1 cup unbleached all-purpose flour 

1/4 cup cacao powder, such as Diaspora Anamalai 

1/2 teaspoon kosher salt (we use Diamond Crystal) 

1/2 teaspoon ground cinnamon 

1/4 teaspoon ground cardamom, such as Diaspora Bakara 

1/4 teaspoon freshly grated nutmeg, such as Diaspora Anamalai 

1/8 teaspoon ground cloves 

1 stick unsalted butter, softened 

1/4 cup granulated sugar 

1/4 cup packed light-brown sugar 

1 teaspoon pure vanilla extract 

1 cup confectioners' sugar 

2 to 4 tablespoons unsweetened coconut milk 

1/2 cup unsweetened shredded coconut, toasted 

Preparation

In a bowl, whisk together flour, cacao, salt, cinnamon, cardamom, nutmeg, and cloves. In a large bowl, beat butter with granulated and brown sugars until light and fluffy, 4 to 6 minutes. Add vanilla; beat 30 seconds more.

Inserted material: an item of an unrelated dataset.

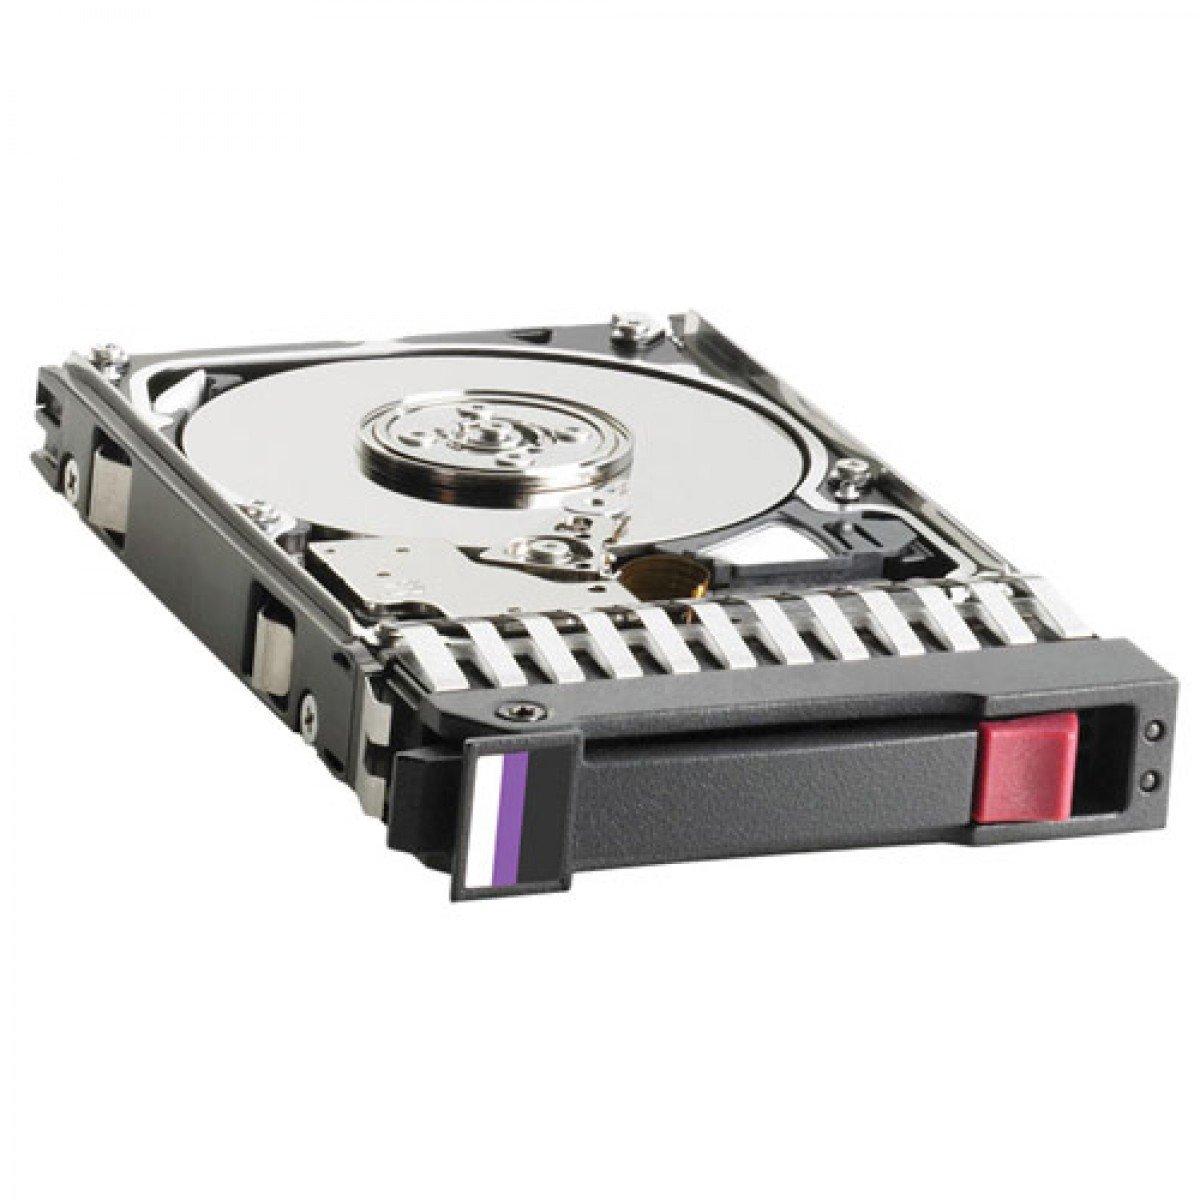 HP 900GB 6G SAS 10K RPM SFF SC Enterprise 900 SAS 16 MB Cache 2.5-Inch Hard Drive, 652589-B21

Scrape down sides of bowl, then add flour mixture; beat on low until a cohesive dough forms. Turn out onto a large piece of plastic wrap. Fold plastic over dough and form into a log about 2 inches in diameter and 6 inches long. Refrigerate at least 2 hours and up to 1 day.

Preheat oven to 325°F. Using a sharp knife, slice dough into 1/2-inch-thick rounds, turning log slightly with each slice (this helps keep a round shape as you cut). Place rounds about 1 inch apart on parchment-lined baking sheets. Bake until firm in center and slightly darker around edges, 13 to 15 minutes. Let cool on sheets 5 minutes, then transfer to wire racks; let cool completely.

Stir together confectioners’ sugar and 2 tablespoons coconut milk in a small bowl until thick and pourable. (If glaze is too thick, add more coconut milk, 1 teaspoon at a time, until you reach desired consistency.) Hold a cookie over bowl and spoon glaze over half of it, letting excess drip back into bowl. Keep spooning glaze over cookie until it forms an even layer.

Return cookie to rack and sprinkle with toasted coconut down center edge of glaze. Repeat with remaining cookies. Let stand until glaze sets, 1 to 2 hours. Cookies can be stored in an airtight container at room temperature up to 3 days.